Dependency Management Guidelines for Rails Teams

  

Dependency Management Guidelines for Rails TeamsI recently encountered a discussion in a developer chatroom about how to find good ruby gems to use for projects, and how to choose between them.

The (currently-defunct, hopefully only temporarily) website ruby-toolbox.com was mentioned, as well as awesome-ruby.com, and some conversation ensued about how to properly choose between similar dependencies for a given software requirement and why it's important.

In this article, I'll summarize some key ideas and heuristics on the topic of dependency management, and hopefully encourage the broader community to put a little more thought into how to navigate these choices appropriately, and lead to a better software ecosystem for everyone.

These concepts apply at many layers in a software project, not just rubygems. In theory, we should be able to consider these principles and patterns in the context of any type of dependency, from method signatures to cloud infrastructure tools to cross-organizational communications.

Risks and costs of dependencies

It's important to acknowledge that in software, dependencies are liabilities. There are a variety of ways that code dependencies can lead to additional risks and costs for a software project, and this is especially true on the ever-changing internet.

Security Risks

Code that you ship as part of your software stack that is written and maintained by 3rd parties can expose you to security vulnerabilities which you might not have otherwise incurred if you had exposed the code to a solid code quality and security review before acceptance. As your 3rd party software ages, the likelihood of new vulnerabilities being discovered and exploited increases, and the larger the codebase, the more surface area for attack it generally has, which multiplies the risk.

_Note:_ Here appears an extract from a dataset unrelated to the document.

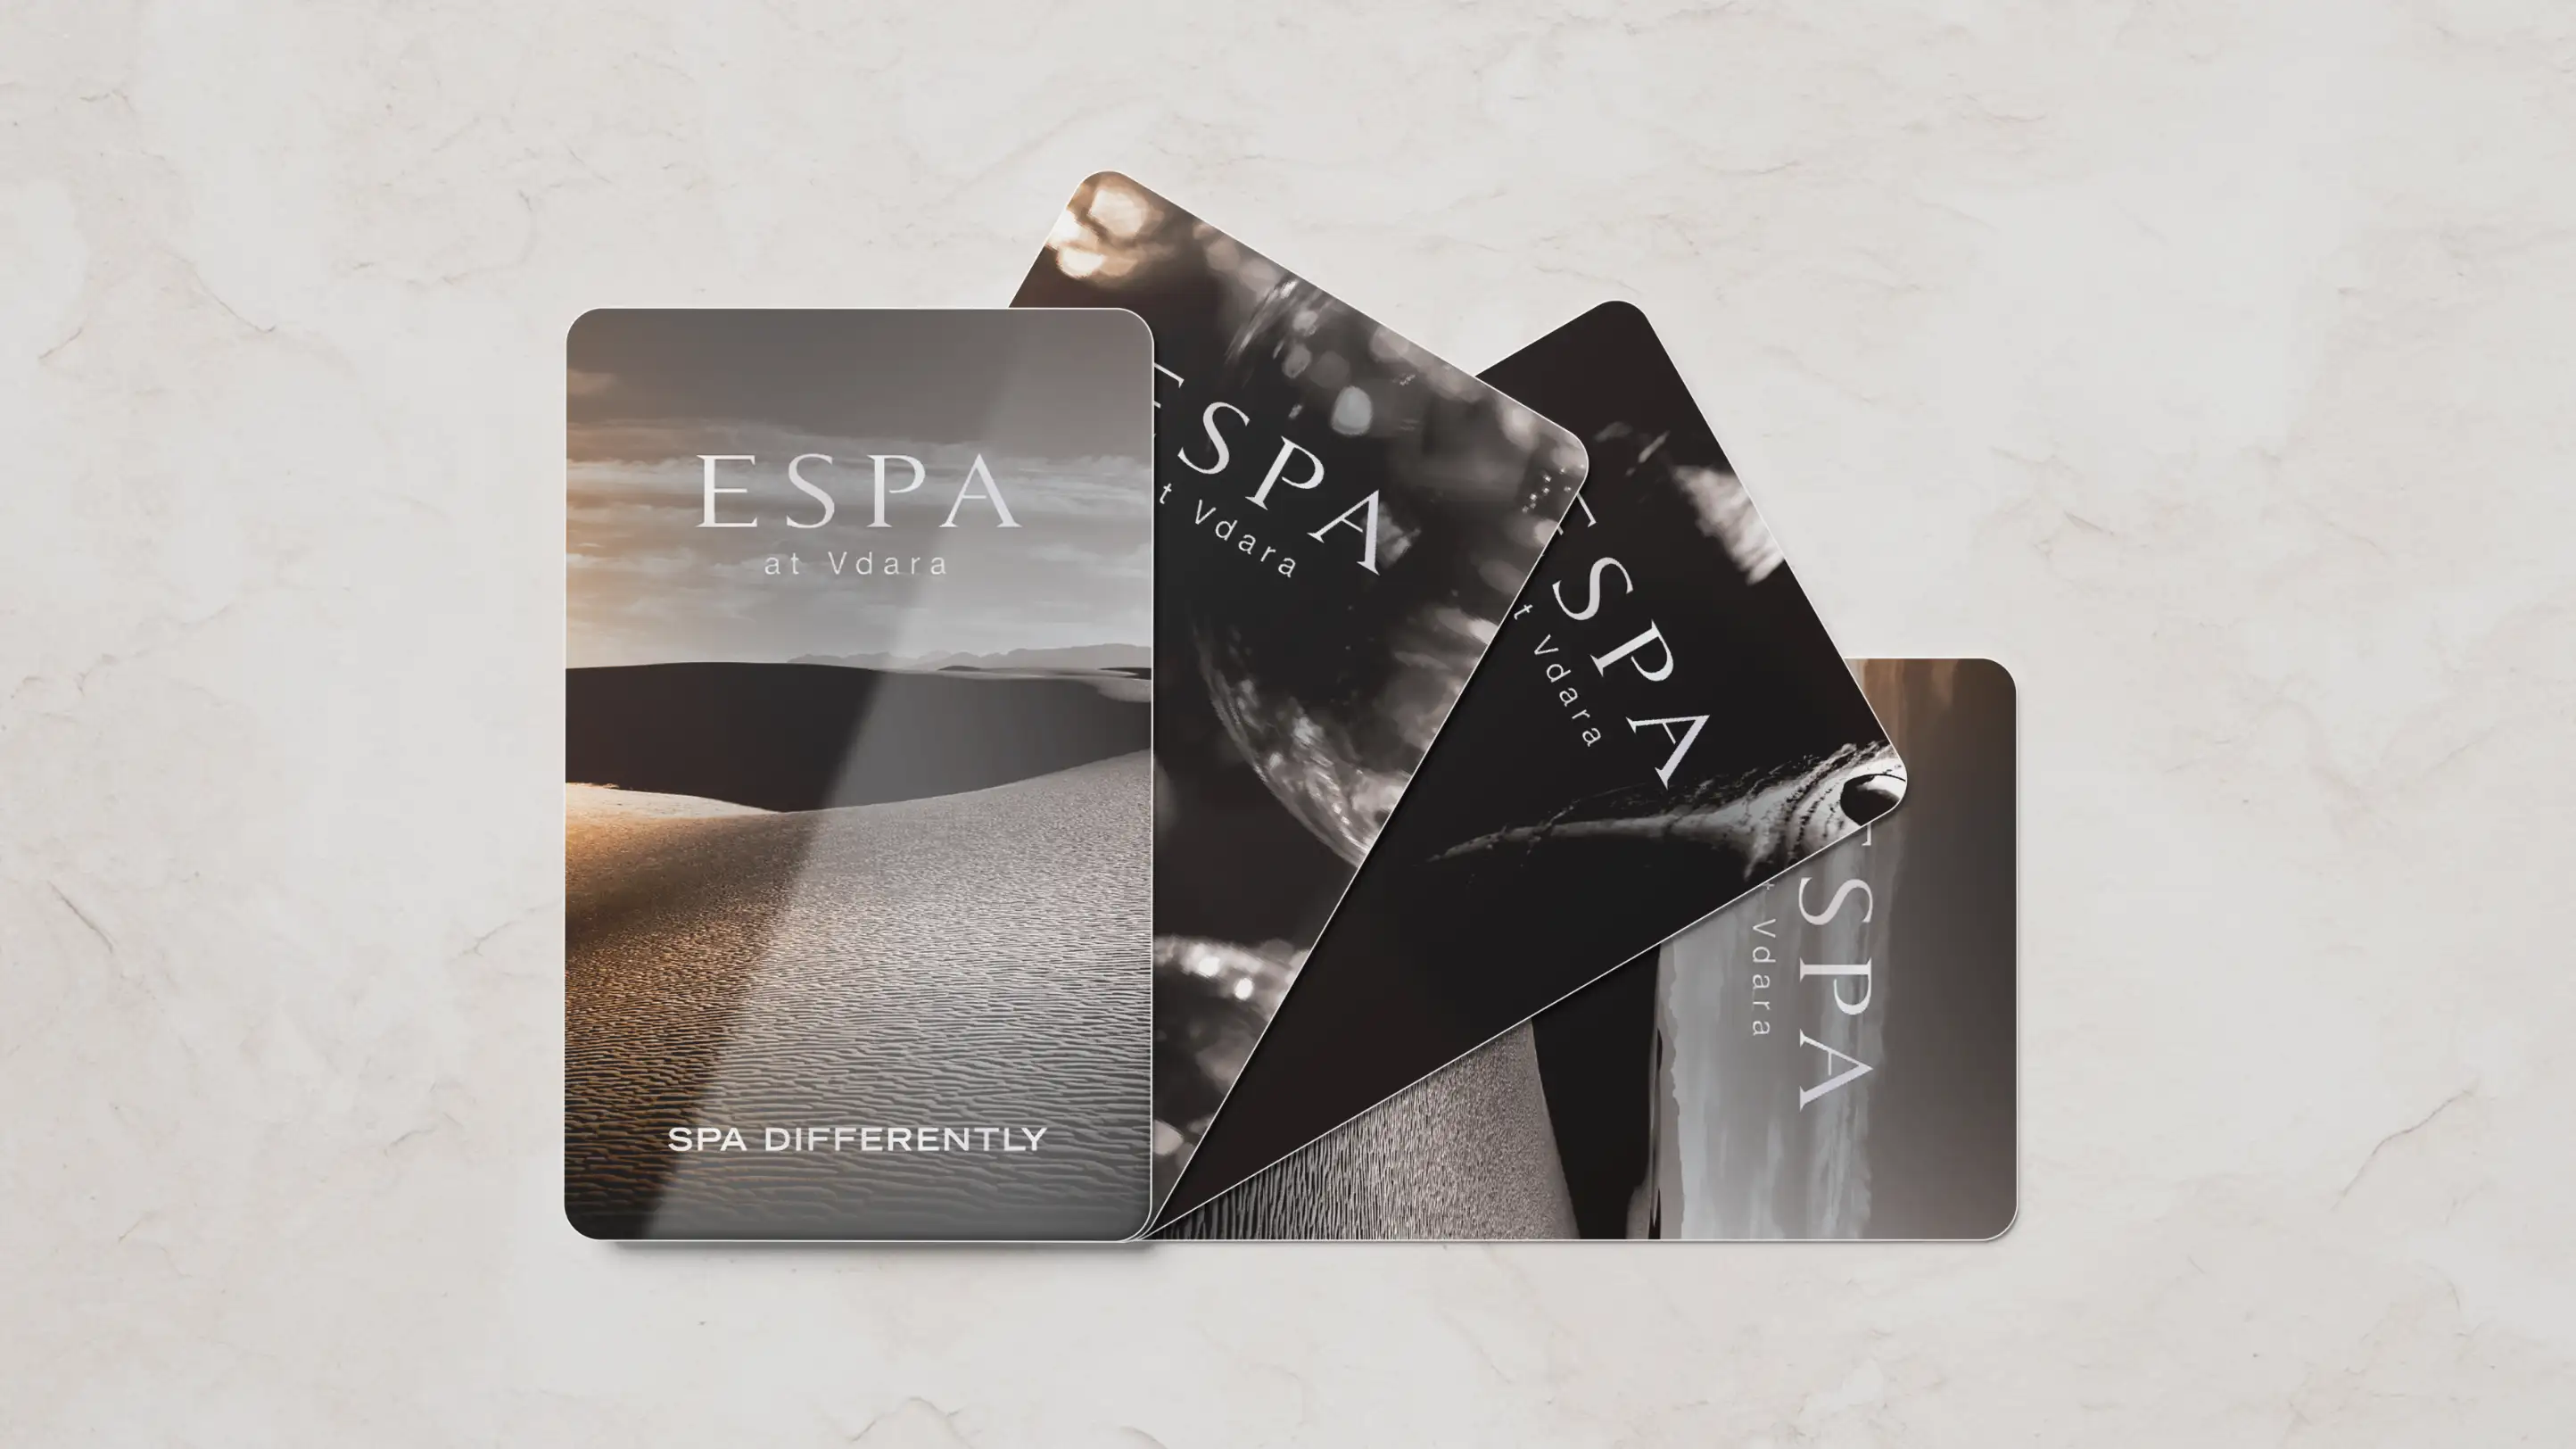 Espa at Vdara co-branded hotel keycard design.

Just recently, news broke that one of the largest credit reporting companies' data on most American adults was breached due to a security issue in the underlying web application framework. The vulnerability had been patched and disclosed upstream by the time the breach occurred, but the application maintainers failed to deploy the upstream fix soon enough to prevent it from being exploited.

Unpatched known vulnerabilities are just one potential security risk of 3rd party dependencies. There can also be unknown (0-day) vulnerabilities discovered and exploited by an attacker before there is any opportunity to respond. Any 3rd party tool might also be accidentally misused in a way that creates security holes in the application. In some cases, the package may provide some kind of disclaimer about this type of risk, but in others, it might be presumed that the implementer is savvy enough to account for their own threat model effectively. It's also possible for a dependency to include intentionally malicious code, which might easily get included in popular packages and widely distributed before those affected take notice.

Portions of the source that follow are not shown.